**Raw data:**
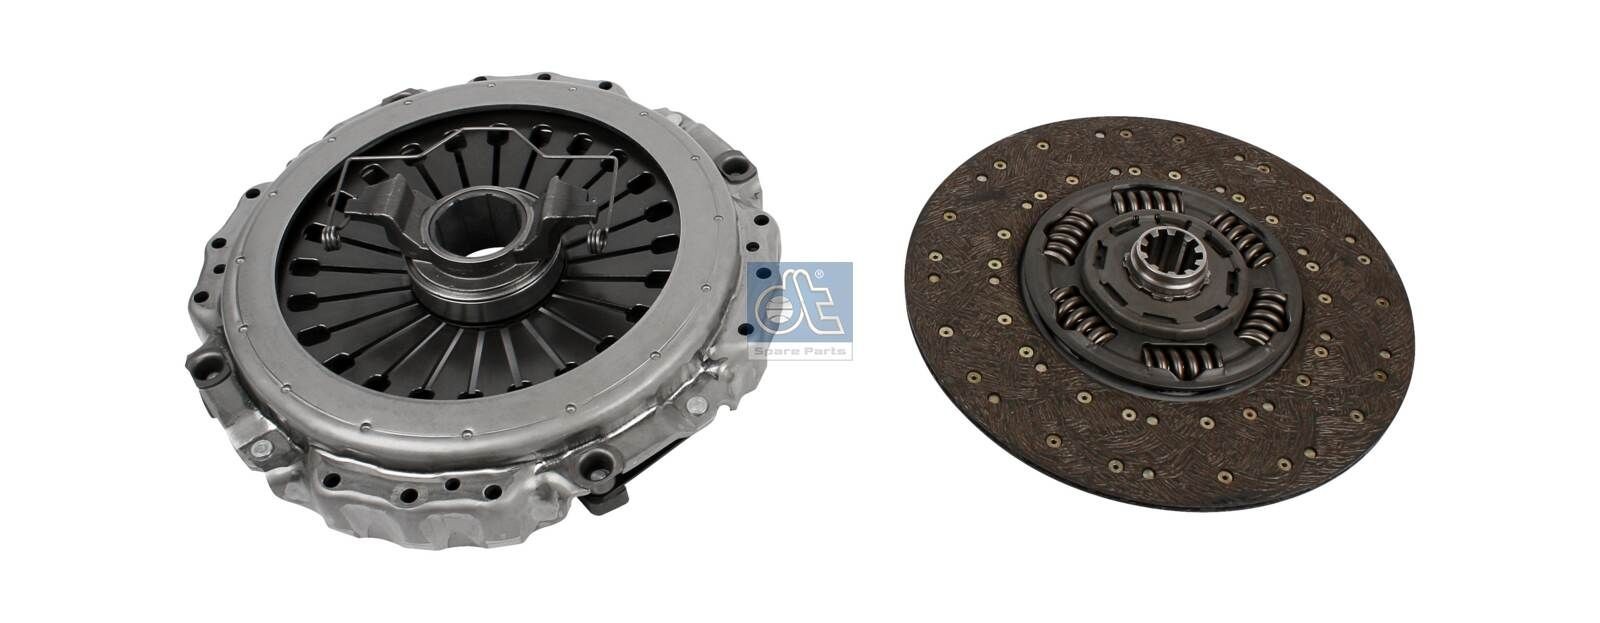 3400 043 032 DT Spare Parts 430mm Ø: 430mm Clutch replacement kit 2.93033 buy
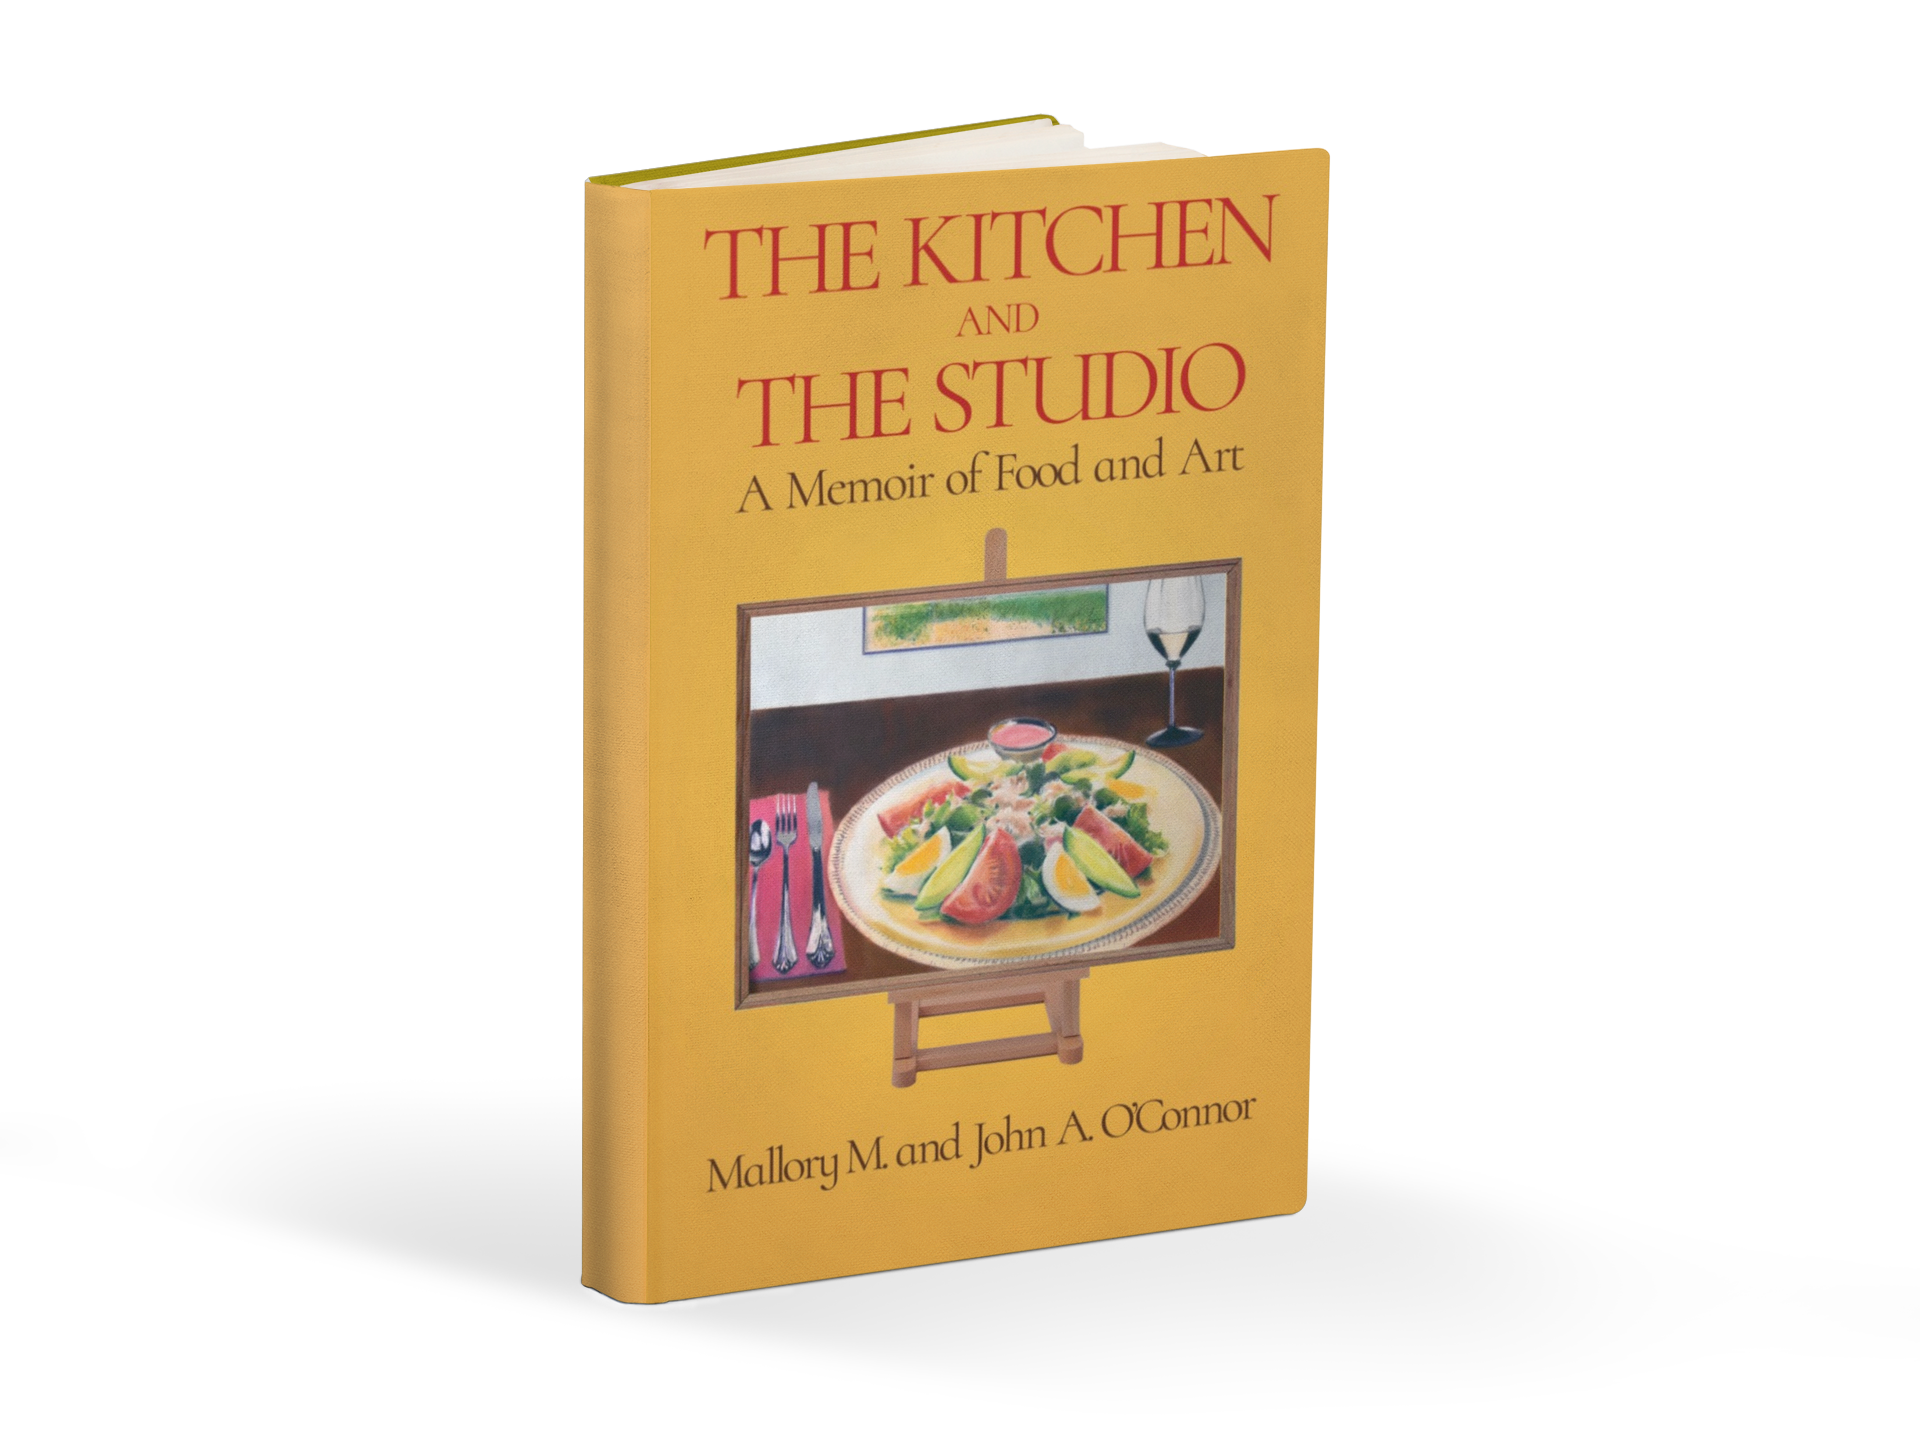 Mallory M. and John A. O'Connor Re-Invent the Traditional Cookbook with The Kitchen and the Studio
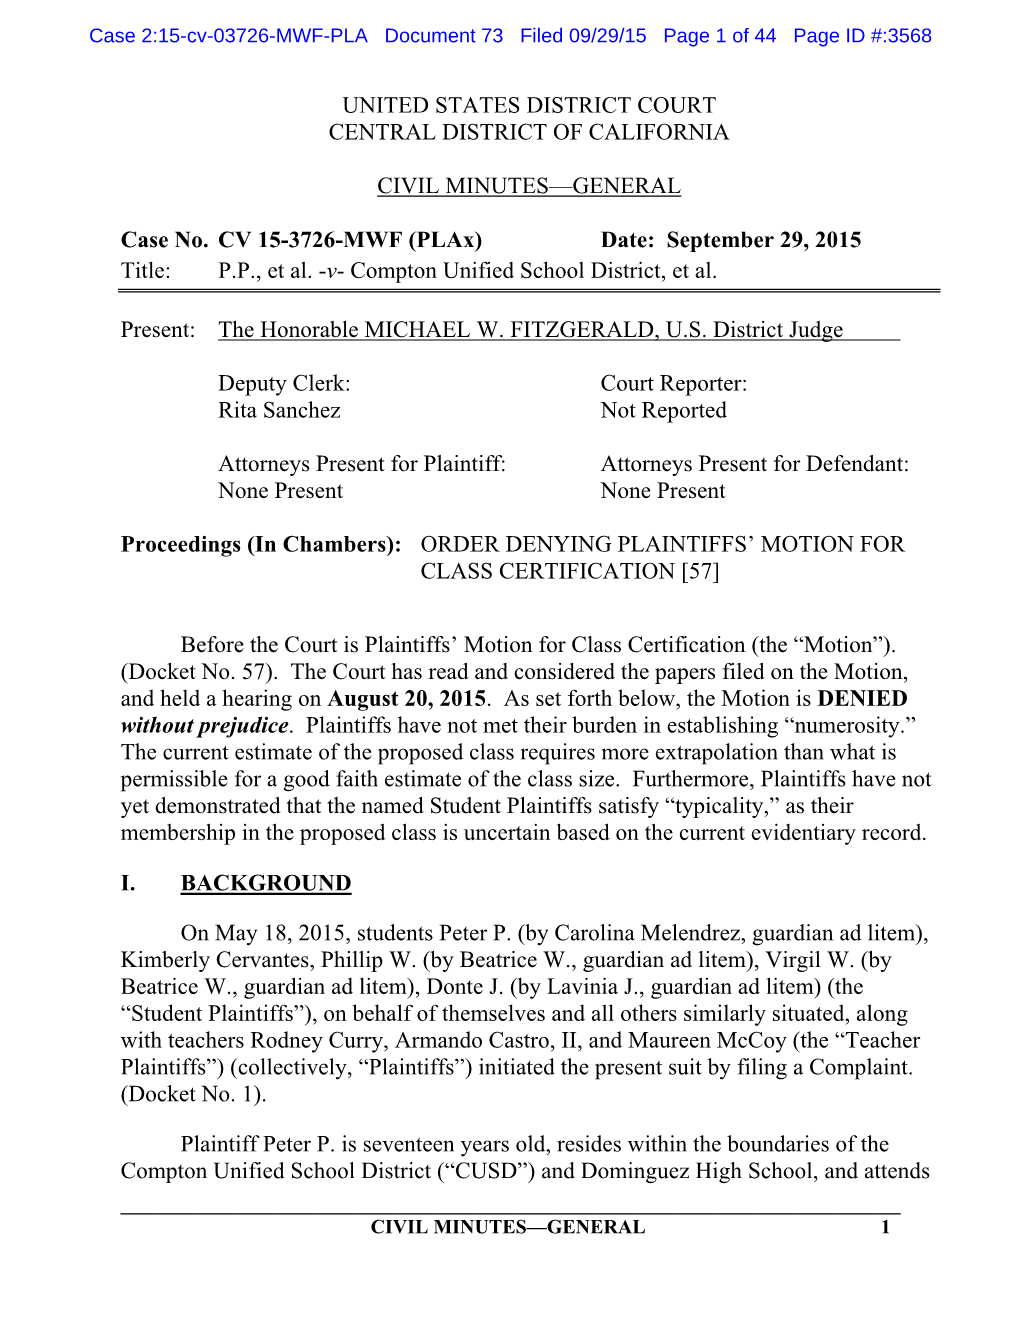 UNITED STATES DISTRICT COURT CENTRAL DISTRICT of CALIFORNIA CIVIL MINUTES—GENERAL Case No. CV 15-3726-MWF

**Assignment:**
Print the listing exactly, but skip its pictures.

**Task solution:**
 3400 043 032 DT Spare Parts 430mm Ø: 430mm Clutch replacement kit 2.93033 buy
 Mallory M. and John A. O'Connor Re-Invent the Traditional Cookbook with The Kitchen and the Studio
 UNITED STATES DISTRICT COURT CENTRAL DISTRICT of CALIFORNIA CIVIL MINUTES—GENERAL Case No. CV 15-3726-MWF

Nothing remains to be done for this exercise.